November was such a busy month that I didn’t do any journalling. But now, with the draft of g0ddesses.net wrapped up, it seems like a good time start up again.

So …

Wow, what a month. I wrote a novel! Well, at least a draft of one … 75,000 words. g0ddesses.net needs a lot of work of course, but still: I’m pretty darned happy about it. D got her novel done too, and I can wait to read it. Yay us! Tonight’s the end of NaNoWriMo, and we’re having champagne to celebrate celebrating. Thanks to ladysheishou and the [community profile] nano_writers community. Dedication and links to some excerpts below.

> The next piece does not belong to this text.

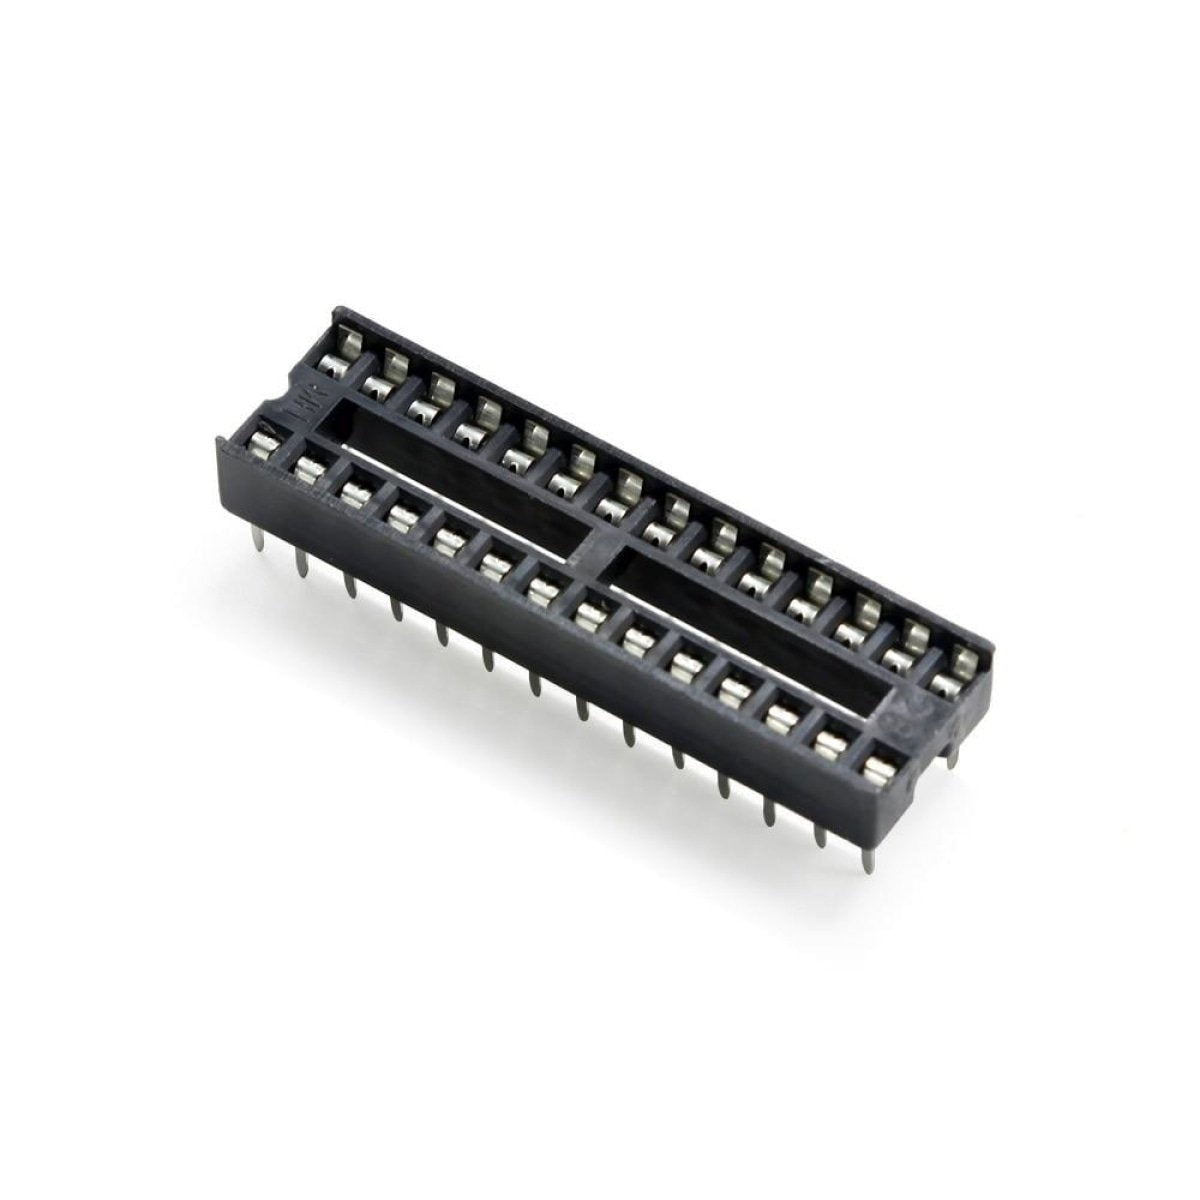 2pcs DIP IC Adaptor Solder Socket 6, 8, 14, 16, 18, 20, 24, 28, 32 Pin - 28 pins - - Asia Sell

And that’s not the only reason to celebrate. We made great progress on Tales from the Net this month, and the second half of the month was filled with activism. On the night before Thanksgiving, after National Opt Out Day, my Facebook profile said “i heart the grassroots” and wow it’s true. I think when we look back at what just happened we’ll realize that heroes across the country stood up and said “enough is enough”. The organizing happened on message forums, blogs (including me on I Will Opt Out and Pam’s House Blend), Reddit, Twitter, Facebook, tribe.net, and email; social networks really are the the future of civil liberties. I’m proud to have been a part of it and looking forward to working together as we fight for our rights.

So all in all, a great month. Pass the champagne!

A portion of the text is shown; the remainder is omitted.